We (well I) wanted to show which Libraries had the book in question, and plot them on a Google Map. So once we had a list of libraries we needed to connect to another service to get the location for each of these libraries. The service which fitted this need was the Talis Directory (Silkworm). This raised a point with me, it was a good job there was a Talis service which used the same underlying ID codes for the libraries i.e. the holdings service and the directory both used the same ID number. It could have been a problem if we needed to get the geo/location data from something like OCLC or Librarytechnology.org, what would we have searched on? a Libraries name? hardly a reliable term to use (e.g. The University of Sussex Library is called ‘UNIV OF SUSSEX LIBR’ in OCLC!). Do Libraries need a code which can be used to cross reference them between different web services (a little like ISBNs for books)?

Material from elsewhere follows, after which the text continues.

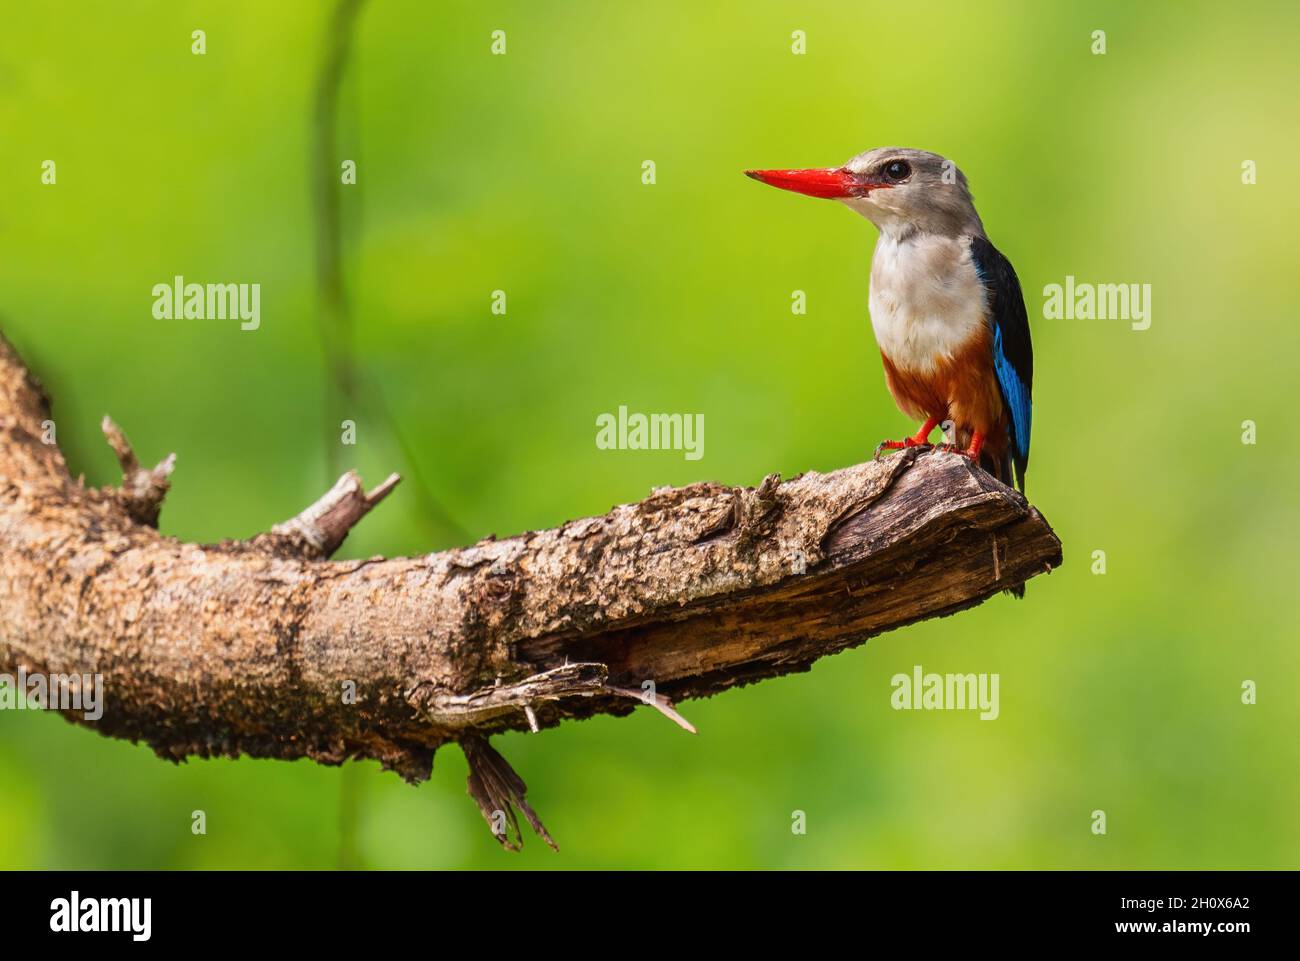 Grey-headed Kingfisher - Halcyon leucocephala, beautiful colored kingfisher from African rivers and lakes, Queen Elizabeth National Park, Uganda. Stock Photo

Using the Talis Silkworm Directory was a little more challenging than first thought, and the end result was a very long URL which used SPARQL (something which looks a steep learning curve to me!).

In the mean time, I signed up for Google Maps, and gave myself a crash course in setting it up (I’m quite slow to pick these things up). So we had the longitude and latitude co-ordinates for each library, and we had a Google Map on the page, we just needed to connect to the two.

Four people trying to debug the last little bit of code for my little project
Four people at Mashedlibrary trying to debug the last little bit of my code.

Time was running short, so I was glad to take a back seat and watch (and learn) while Rob went to in to speed-javascript mode. This last part proved to be elusive. The PHP code which was generating javascript code was just not quite working. In the end the (final) problem was related to the order I was outputting the code, but we were out of time, and this required more than five minutes.

Back home, I fixed this (though I never would have known I needed to do this without help).

You can see an example here, and here and here (click on the link at the top to go back to the bib record for the item, which, by the way, should show a Google Book cover at the bottom, though this only works for a few books).

You can click on a marker to see the name of library, and the balloon also has a link which should take you straight to item in question on the library’s catalogue.

It is a little slow, partly due to my bad code and partly due to what it is doing:

  1. Connecting to the Talis Platform to get a list of libraries which have the book in question (quick)
  2. For each library, connect to the Talis Silkworm Directory and perform a SPARQL query to get back some XML which includes the geo co-ordinates. (geo details not available for all libraries)
  3. Finally generate some javascript code to plot each library on to a Google map.
  4. As this last point needs to be done in the <head> of the page, it is only at this point that we can push the page out to the browser.

I added one last little feature.

It is all well and good to see which libraries have the item you are after, but you are probably iterested in libraries near you. So I used the Maxmind GeoLite City code-library to get the user’s rough location, and then centering the map on this (which is clearly not good for those trying to use it outside the UK!). This seems to work most of the time, but it depends on your ISP, some seem more friendly in their design towards this sort of thing. Does the map centre on your location?